- [Task description]: Using the listing below, print the line containing "Hard boiled egg on a bed of asparagus", the line containing "On site, Swimming", and each line between them, exactly and nothing else. Pictures stay out of the print.

Exercise data section start

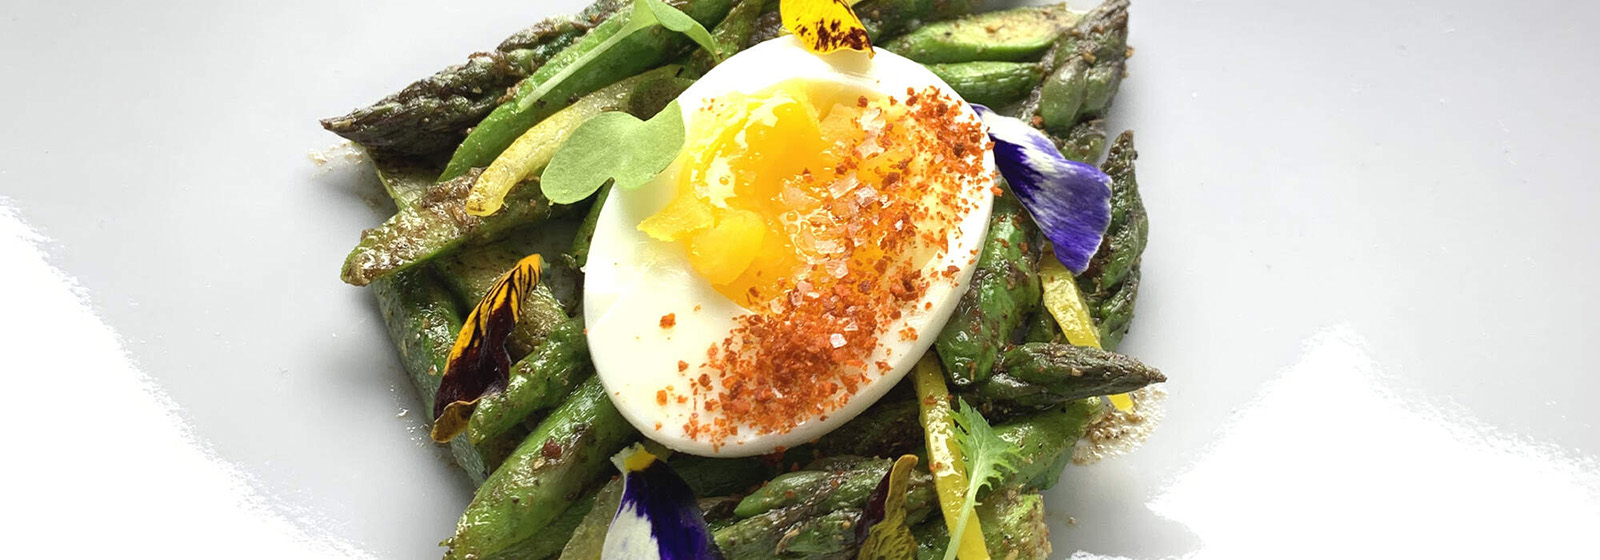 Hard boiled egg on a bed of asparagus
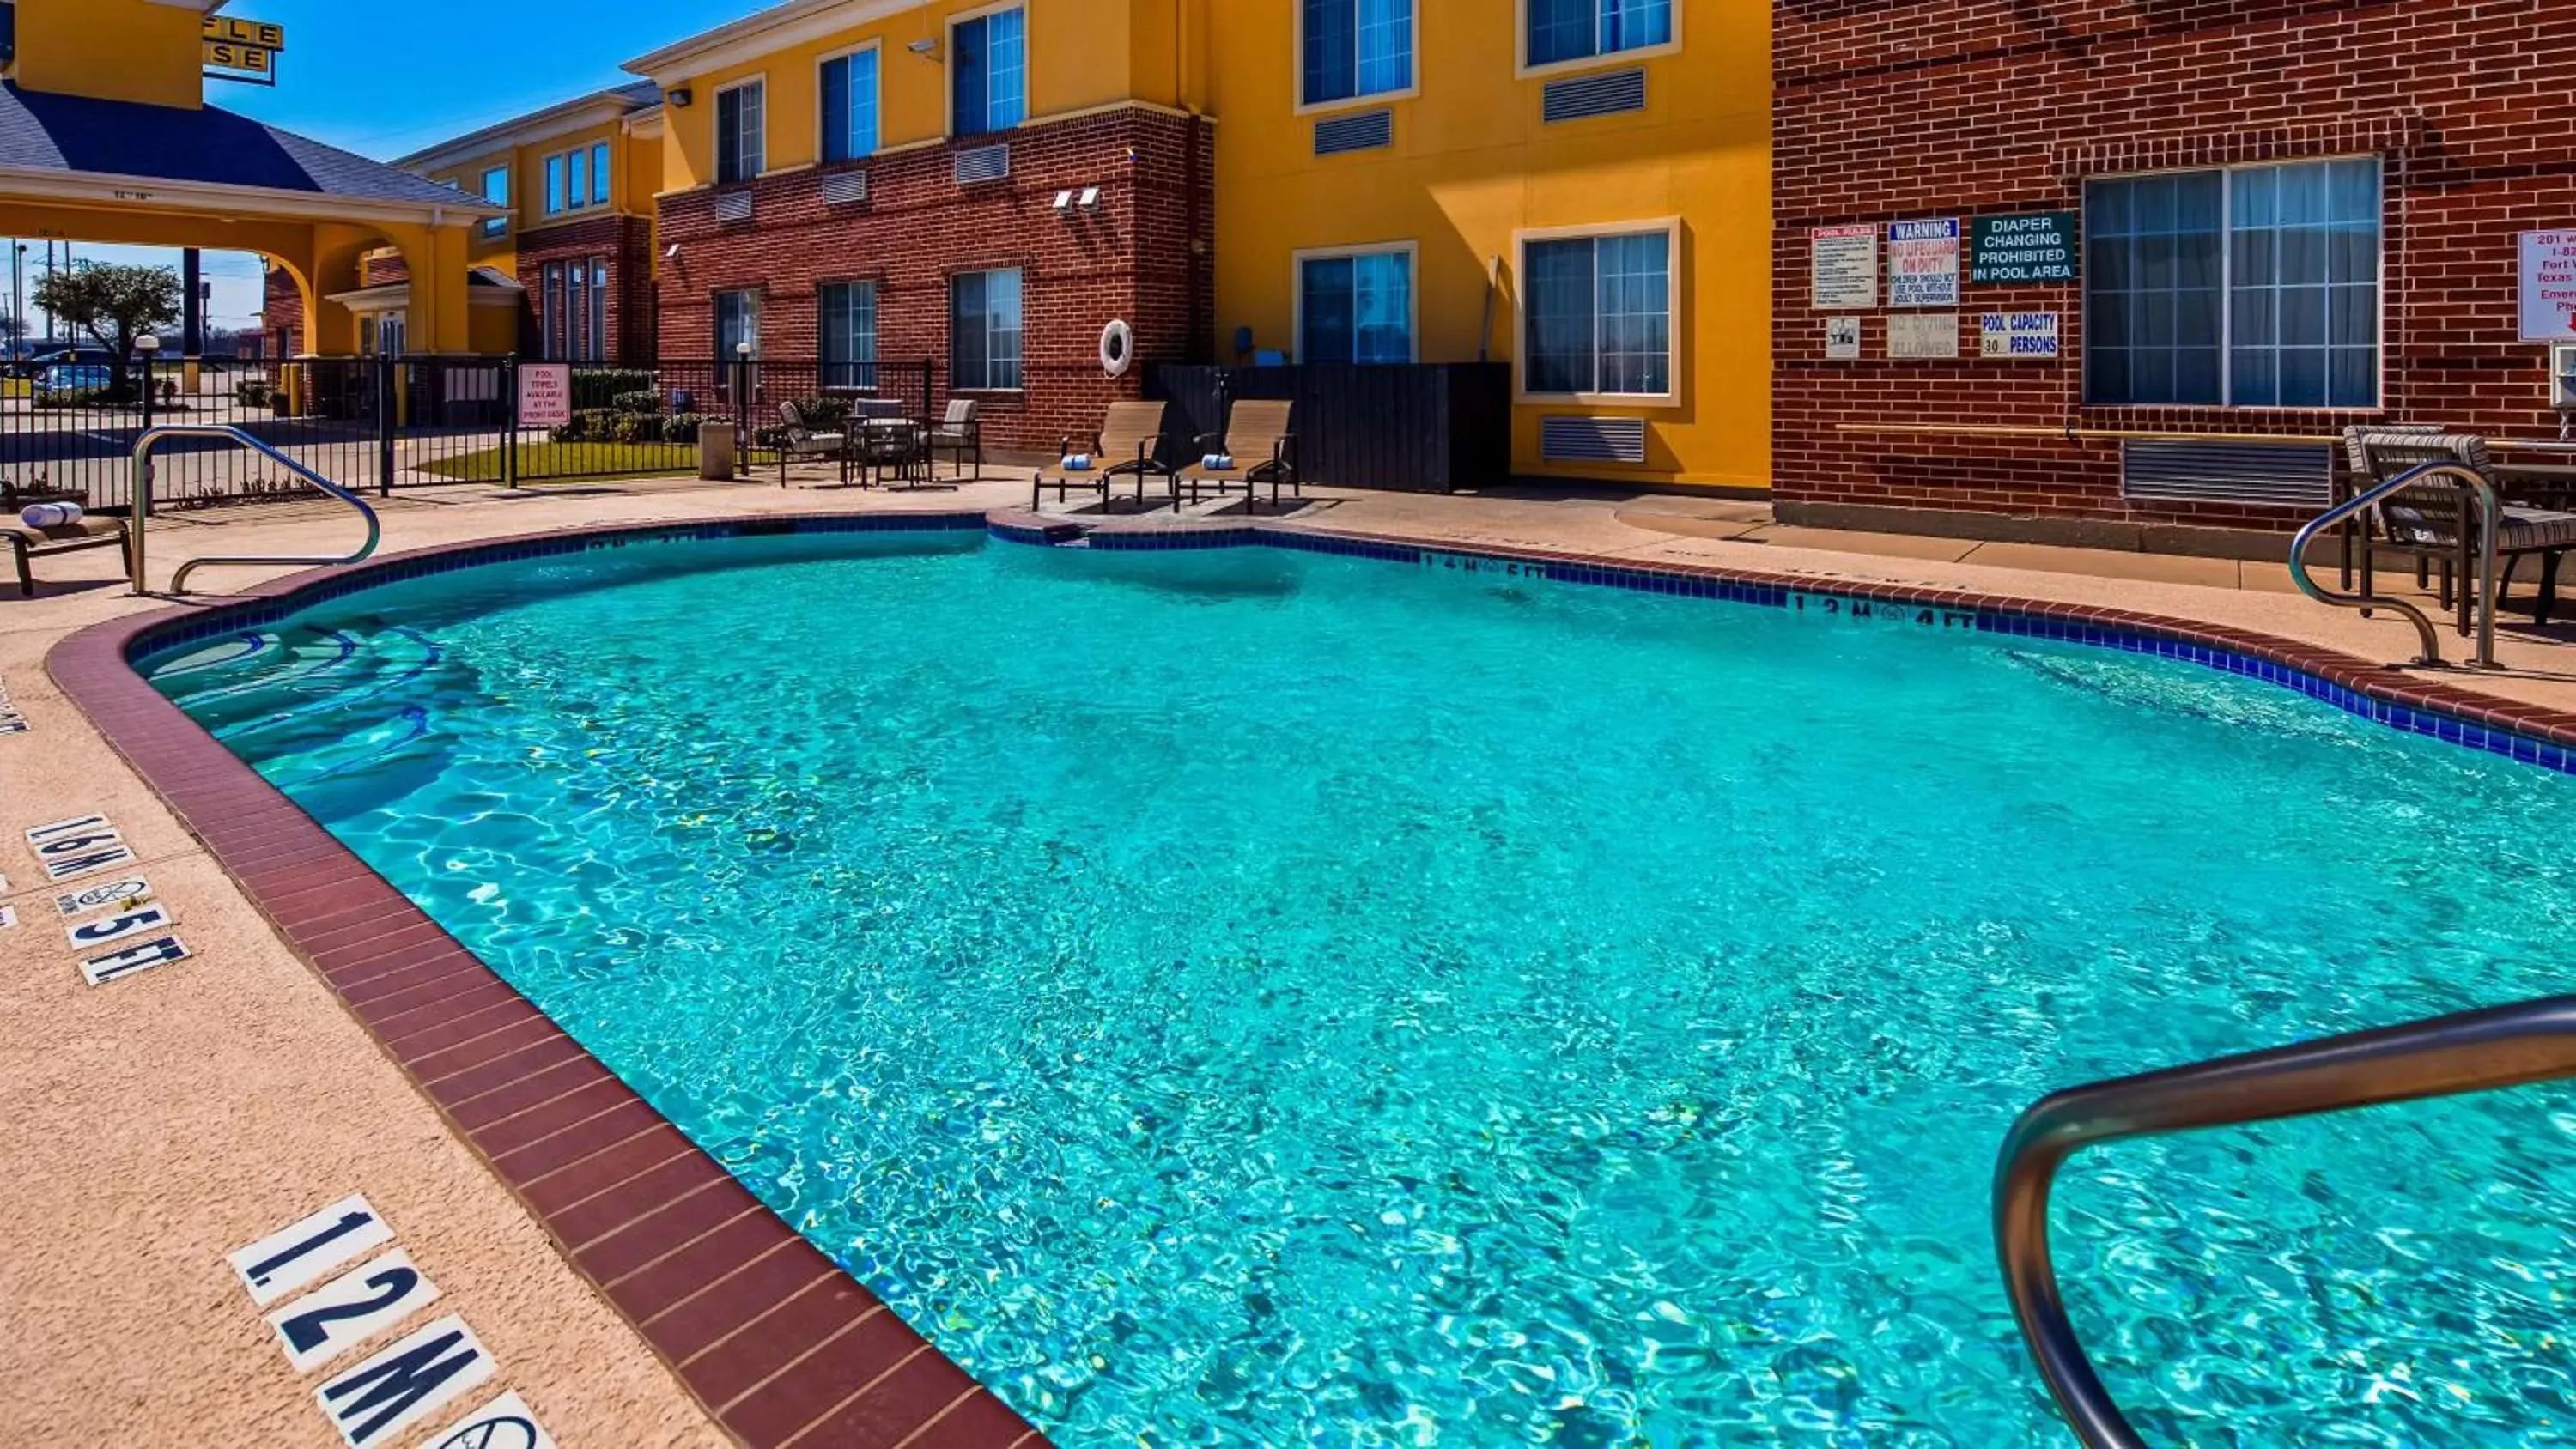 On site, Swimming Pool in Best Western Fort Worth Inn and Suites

Exercise data section end
Exercise data section start

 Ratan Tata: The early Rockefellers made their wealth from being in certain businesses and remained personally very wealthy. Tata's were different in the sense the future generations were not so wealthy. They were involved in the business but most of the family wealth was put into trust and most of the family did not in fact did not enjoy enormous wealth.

Exercise data section end

- [Response below]:
 Hard boiled egg on a bed of asparagus
 On site, Swimming Pool in Best Western Fort Worth Inn and Suites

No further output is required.